В эти же годы были написаны основные его труды: ‘История политических учений’ (ч. 1—2. М, 1869—1872) и ‘Наука и религия’ (1879). Книгу ‘О народном представительстве’ (М., 1866) он написал прежде, в те годы, когда читал лекции в университете.
В конце 1881 г. судьба неожиданно вывела Чичерина на политическое поприще — он был избран Московским городским головою. Нельзя сказать, чтобы эта должность была по нем: теоретические представления о политике трудно уживались с политикой реальной, где он не умел проявить ни должной гибкости, ни конформизма.

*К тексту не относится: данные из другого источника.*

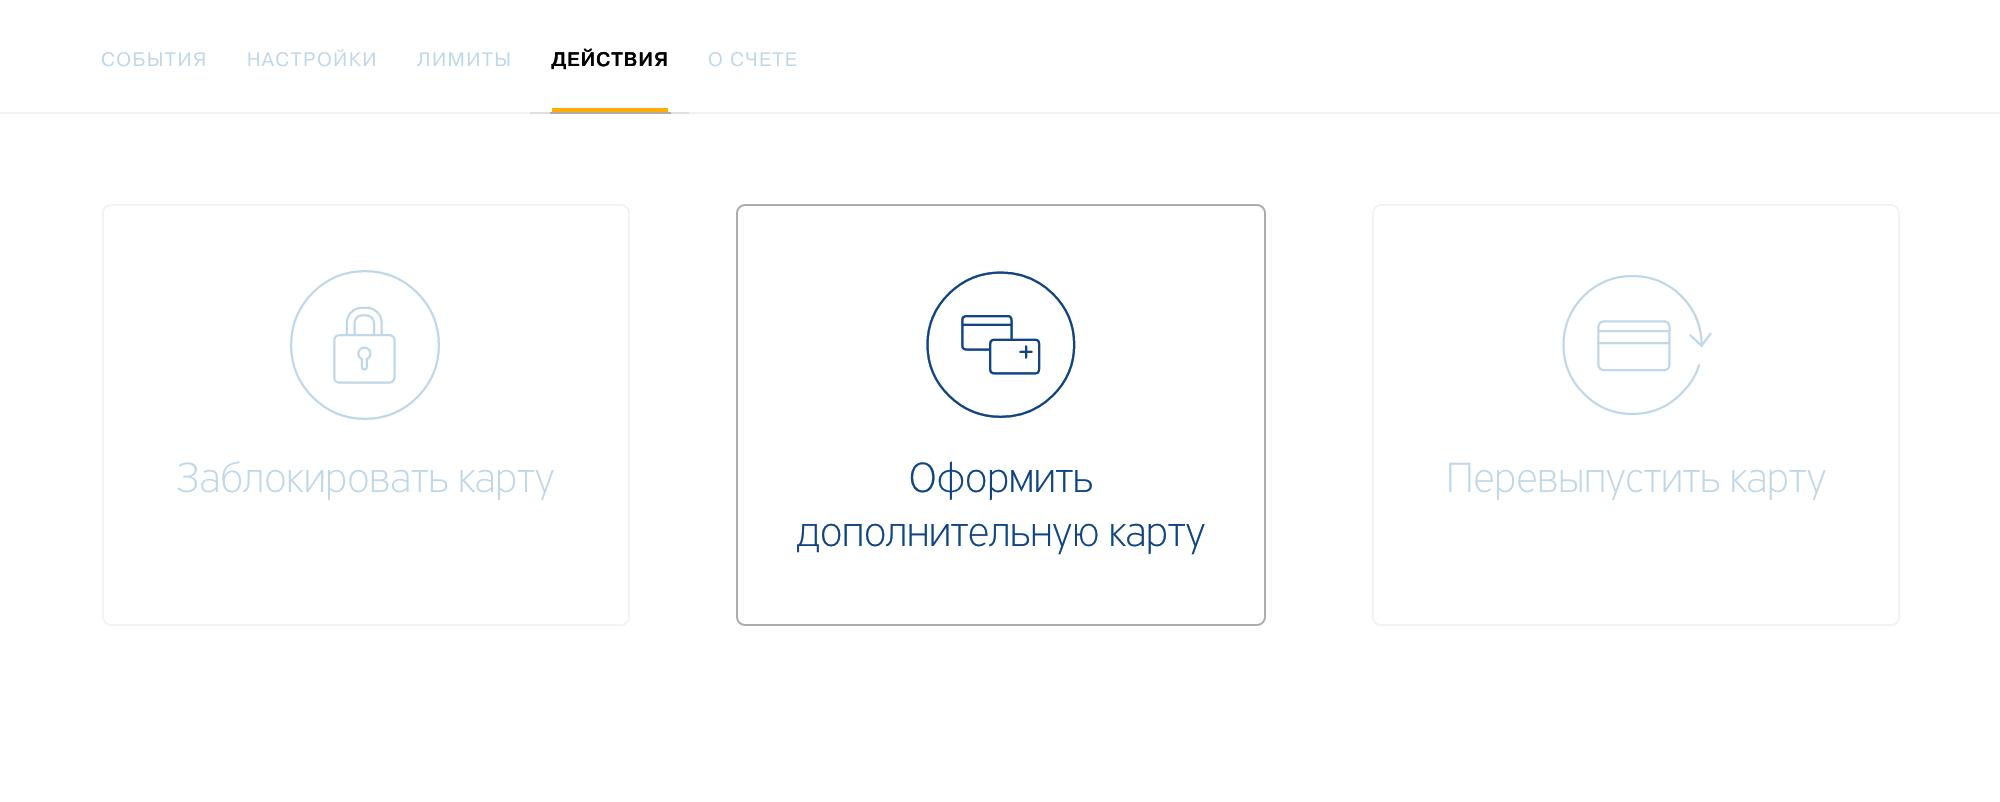 Оформите дополнительную карту через интернет-банк: Карта {amp}amp;rarr; Действия {amp}amp;rarr; Оформить дополнительную карту
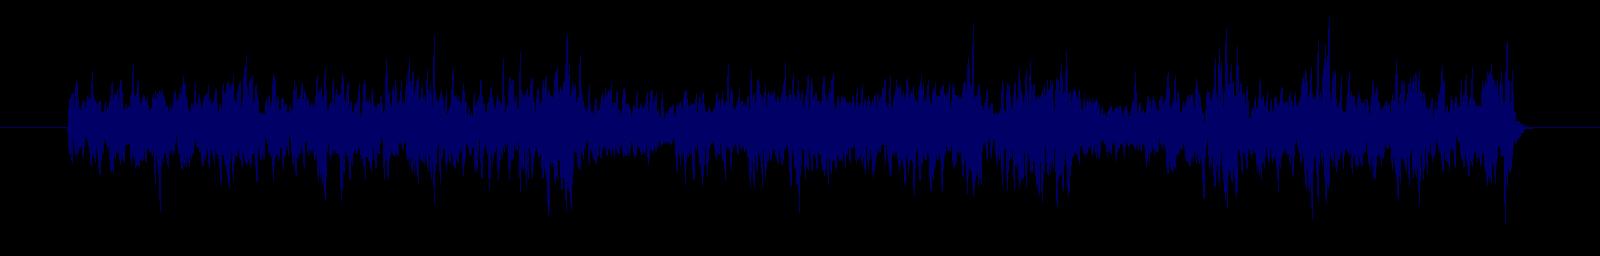 waveform of track #152085

Его независимость по отношению к администрации казалась вызывающей, лояльность к монарху — сомнительной, тем более, что он во всеуслышание заявлял о том, что главная цель его политической деятельности — соединить то, что было разобщено веками: общество и верховную власть. При этом в обществе он слыл консерватором, в высших кругах — либералом.
В мае 1883 г. он произнес речь на одном официальном обеде. Чичерин много и увлеченно говорил о преобразованиях царствования Александра II, о том, что власть должна признать полезным и необходимым содействие общества, и о том, что общество должно быть готово откликнуться на призыв власти. Он утверждал, что, объединив все свои силы, Россия выдержит любые бури, как прежде преодолевала она все испытания, выпадавшие на ее долю. Попутно он замечал, что доверять и споспешествовать власти вовсе не значит поступаться своими правами и независимостью суждений.
Уже в который раз демократические круги усмотрели в программе Чичерина охранительные начала, круги правительственные заподозрили в ней скрытое требование конституции и всесторонних реформ. Политическая карьера Чичерина оборвалась, по сути дела, не успев начаться.
Последние годы жизни Чичерин провел вместе с женой Александрой Алексеевной (урожденной Скалон) в Карауле. Их единственная дочь умерла, и они сполна испили чашу горя и одиночества.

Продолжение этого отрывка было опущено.